Still other rules of the decision logic 216A may provide criteria based on predicted energy consumption estimates generated by the ML model 218. For example, a particular rule (shown as rule 4 in FIG. 2) may indicate that if a VM 113B is predicted to be low utilization/idle for longer than a threshold amount of time, then certain resource scaling actions are to be taken. For example, the para-virtualization manager 216 may receive a predicted energy consumption estimate indicating that the VM 113B is idle during the hours of 12:00 AM to 7 AM every day. Thus, rule 4 may dictate that every night at 12:00 AM, the para-virtualization manager 216 may perform the resource scaling actions indicated by the rule 4. The resource scaling actions may include those discussed above with respect to rule 1 as well as any other appropriate rule scaling actions or combination thereof.

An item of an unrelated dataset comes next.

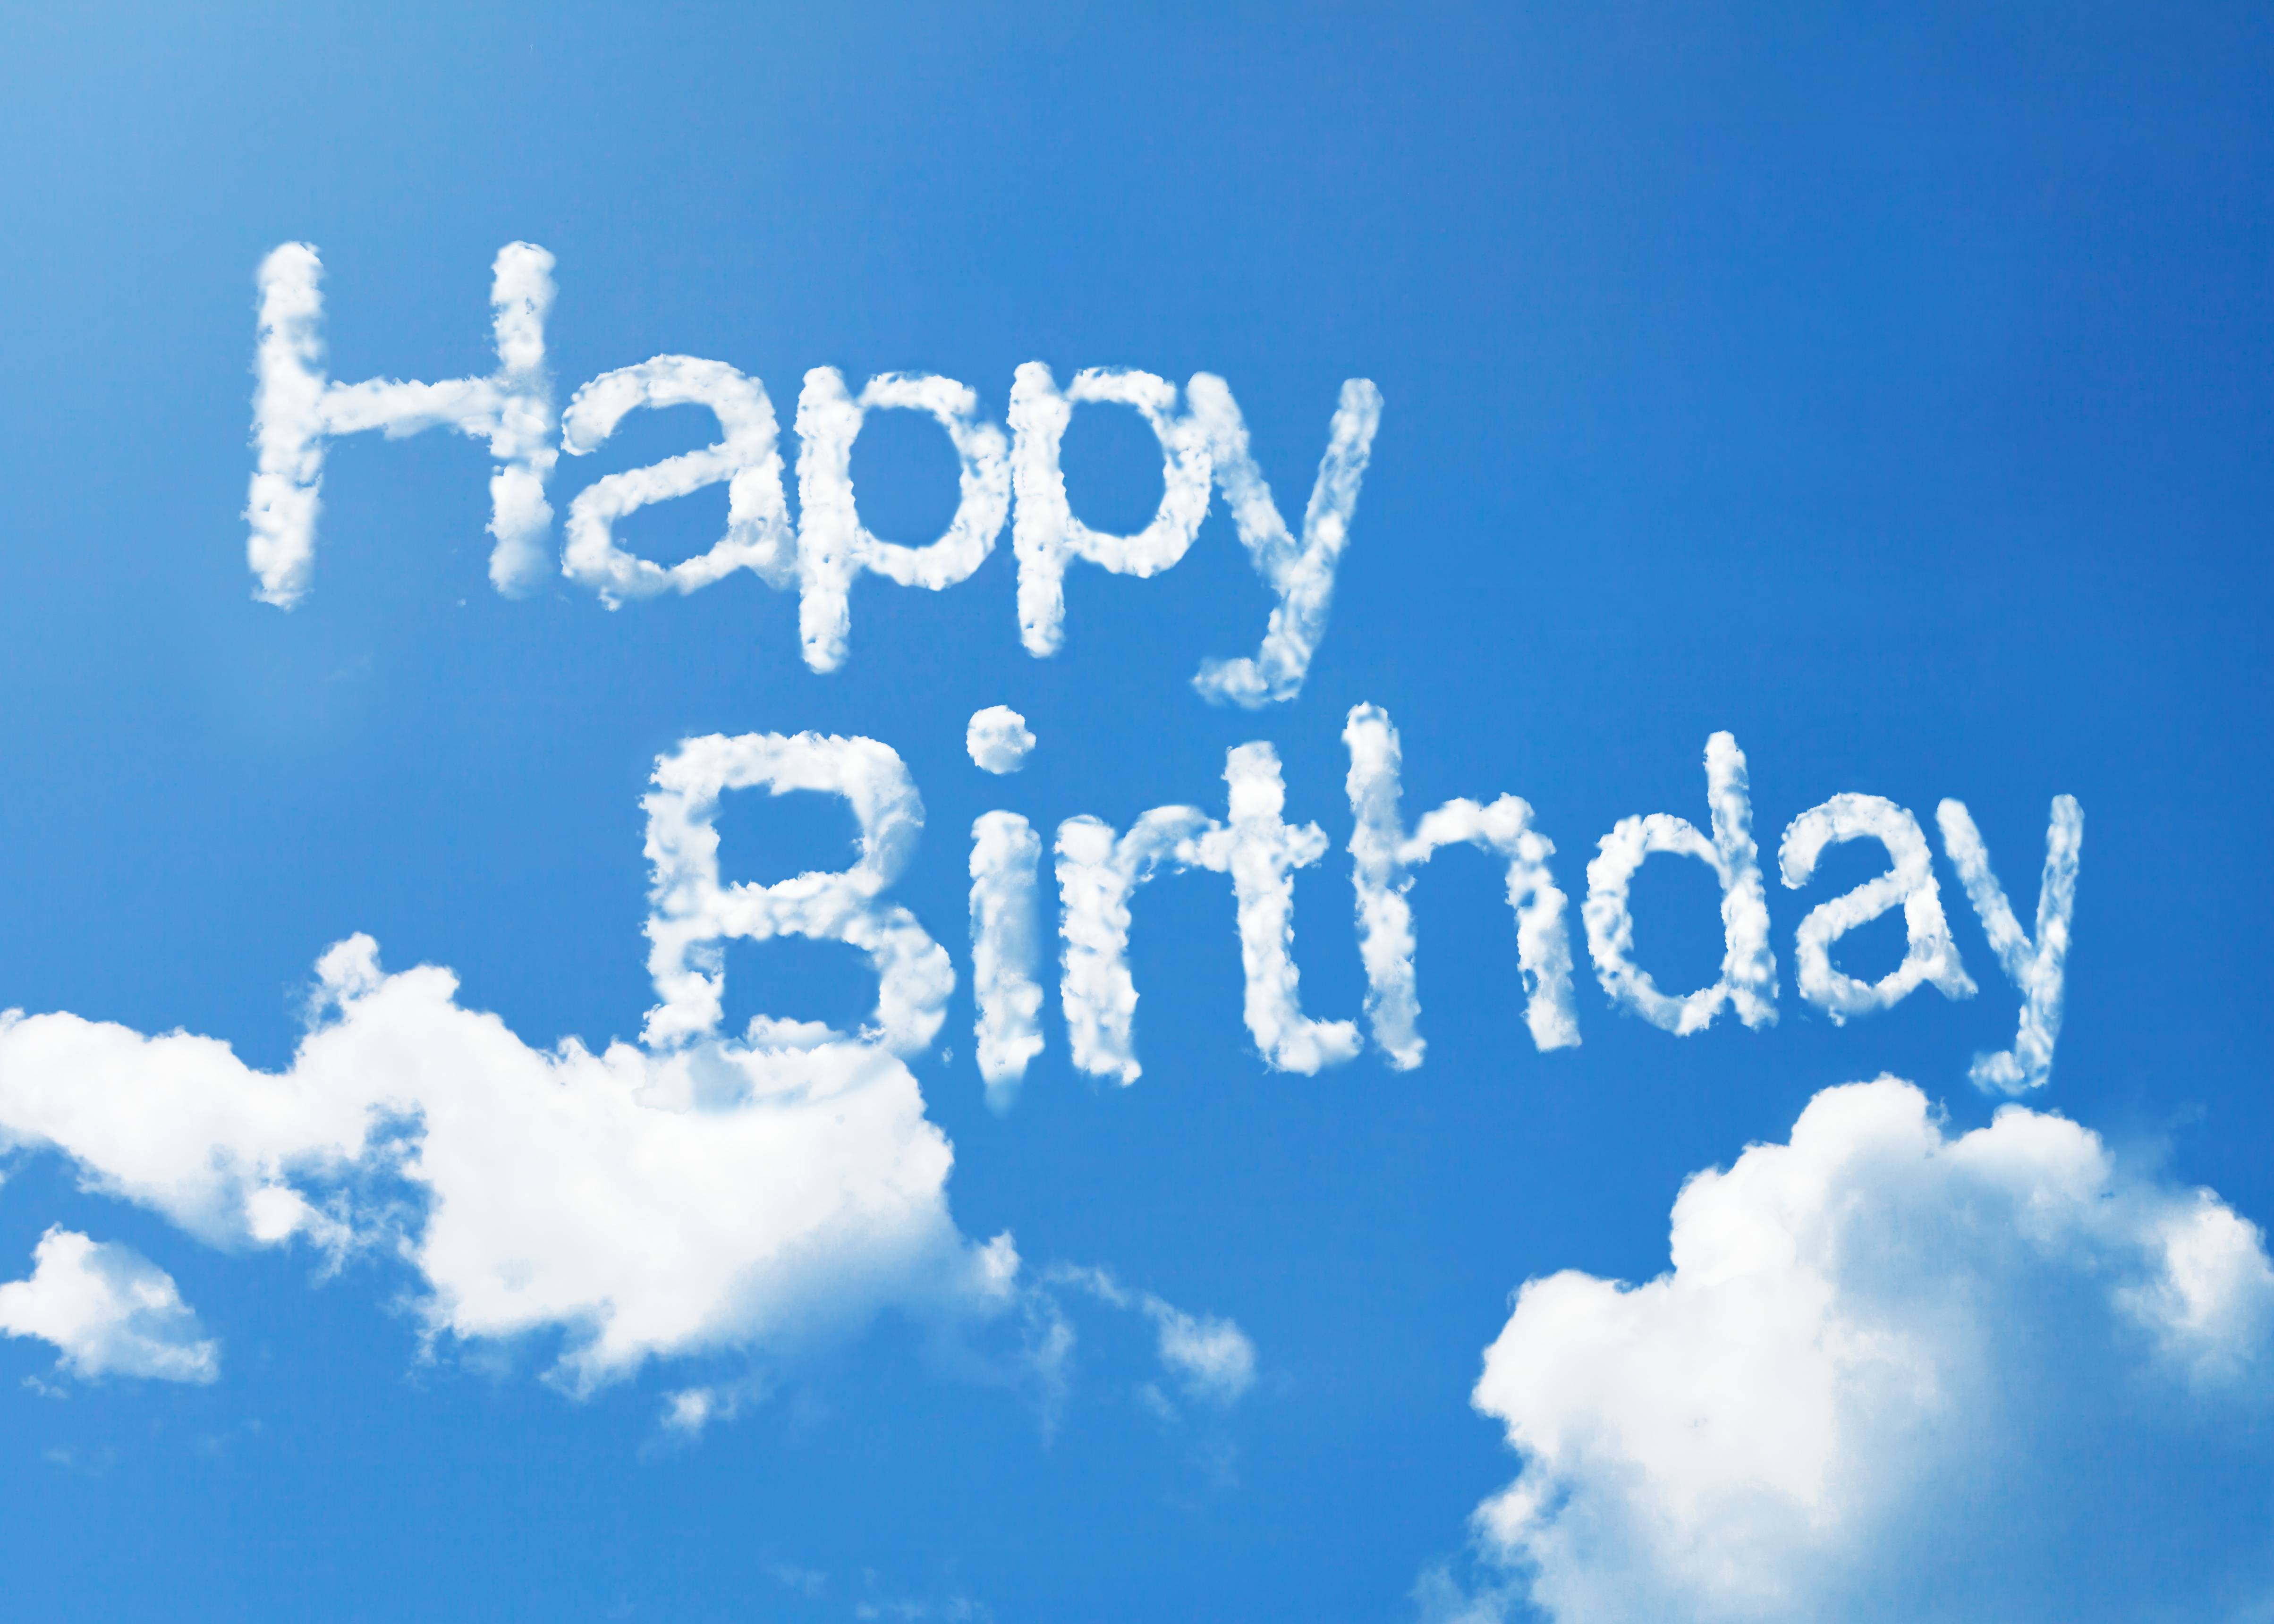 Фото с днем рождения happy birthday небо - бесплатные картинки на Fonwall.

As the energy usage of the computing device 130A and each of the VMs 113 (and their respective services 115) continues to change, the energy monitor module 217 may continue to provide energy consumption data reflective of such changes to the para-virtualization manager 216, which may continue to adapt the resource allocation of the computing device 130A and/or one or more of the VMs 113 to respond to the changes in the energy usage of the computing device 130A and each of the VMs 113 (and their respective services 115). In this way, the para-virtualization manager 216 may maintain optimal performance of each of the services 115/VMs 113 and the computing device 130A while also minimizing energy consumption. The para-virtualization manager 216 may adapt the resource allocation of the computing device 130A and/or one or more of the VMs 113 to respond to the changes in the energy usage thereof continuously e.g., at regular intervals or in response to such changes themselves (or in response to certain types of changes).

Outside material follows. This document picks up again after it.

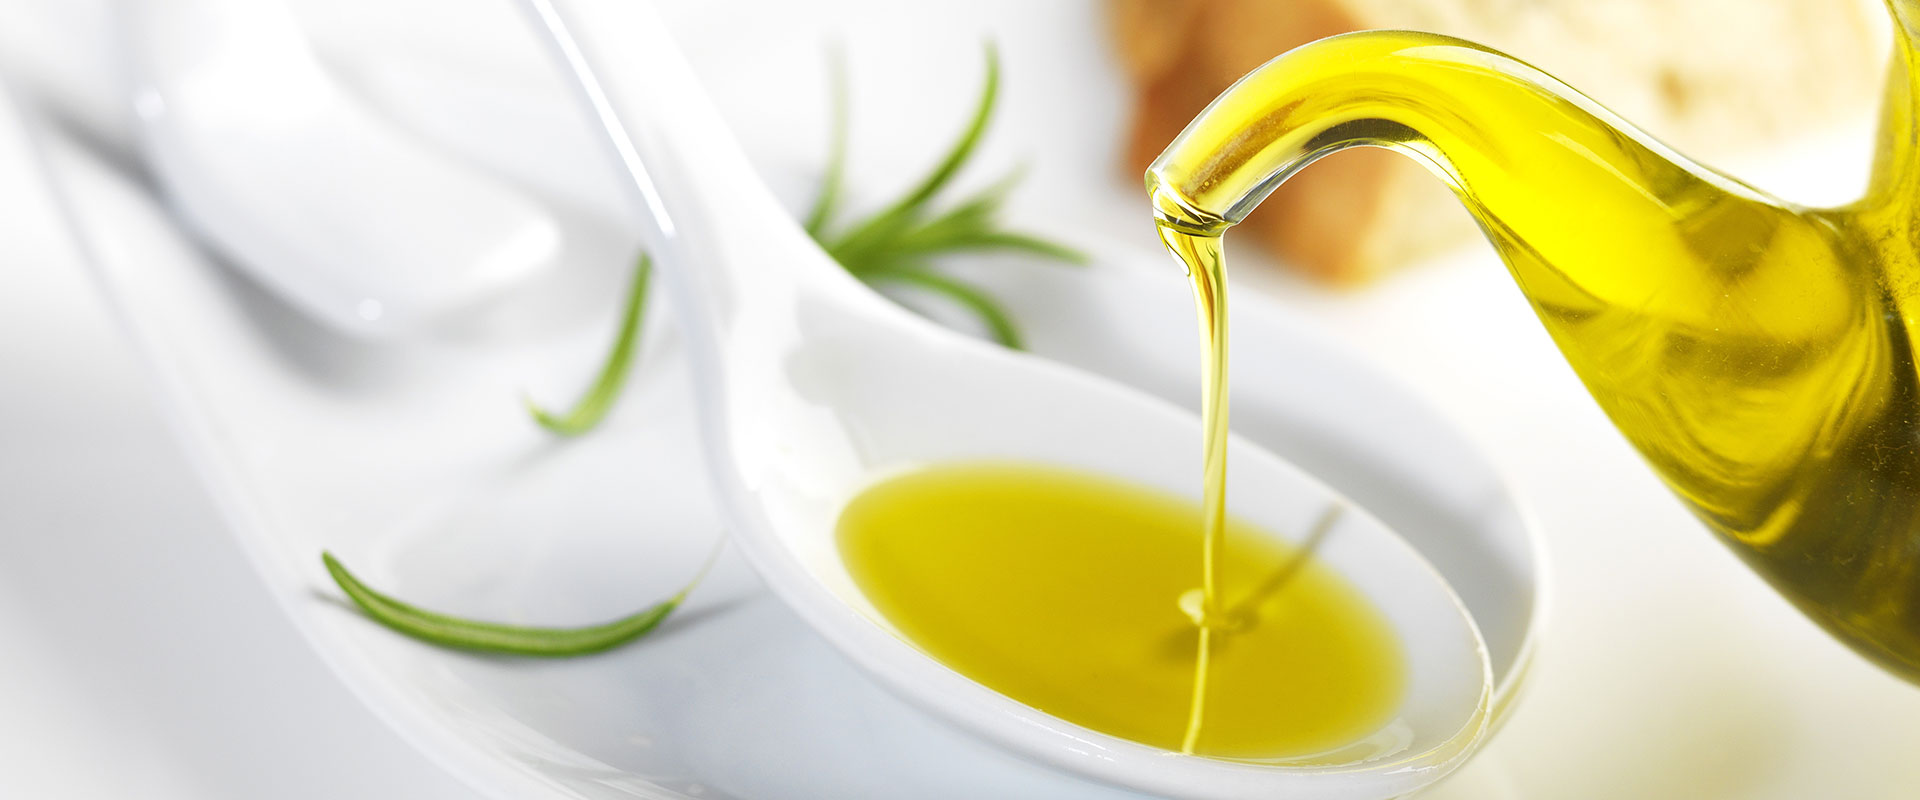 Gli acidi grassi dell'olio di oliva

FIG. 5 illustrates a diagrammatic representation of a machine in the example form of a computer system 500 within which a set of instructions, for causing the machine to perform any one or more of the methodologies discussed herein for optimizing energy usage of a computing device running one or more VMs, in accordance with some embodiments of the present disclosure.


In alternative embodiments, the machine may be connected (e.g., networked) to other machines in a local area network (LAN), an intranet, an extranet, or the Internet. The machine may operate in the capacity of a server or a client machine in a client-server network environment, or as a peer machine in a peer-to-peer (or distributed) network environment. The machine may be a personal computer (PC), a tablet PC, a set-top box (STB), a Personal Digital Assistant (PDA), a cellular telephone, a web appliance, a server, a network router, a switch or bridge, a hub, an access point, a network access control device, or any machine capable of executing a set of instructions (sequential or otherwise) that specify actions to be taken by that machine. Further, while only a single machine is illustrated, the term “machine” shall also be taken to include any collection of machines that individually or jointly execute a set (or multiple sets) of instructions to perform any one or more of the methodologies discussed herein. In one embodiment, computer system 500 may be representative of a server.


The exemplary computer system 500 includes a processing device 502, a main memory 504 (e.g., read-only memory (ROM), flash memory, dynamic random access memory (DRAM), a static memory 506 (e.g., flash memory, static random access memory (SRAM), etc.), and a data storage device 518, which communicate with each other via a bus 530. Any of the signals provided over various buses described herein may be time multiplexed with other signals and provided over one or more common buses. Additionally, the interconnection between circuit components or blocks may be shown as buses or as single signal lines. Each of the buses may alternatively be one or more single signal lines and each of the single signal lines may alternatively be buses.


Computing device 500 may further include a network interface device 508 which may communicate with a network 520. The computing device 500 also may include a video display unit 510 (e.g., a liquid crystal display (LCD) or a cathode ray tube (CRT)), an alphanumeric input device 512 (e.g., a keyboard), a cursor control device 514 (e.g., a mouse) and an acoustic signal generation device 516 (e.g., a speaker). In one embodiment, video display unit 510, alphanumeric input device 512, and cursor control device 514 may be combined into a single component or device (e.g., an LCD touch screen).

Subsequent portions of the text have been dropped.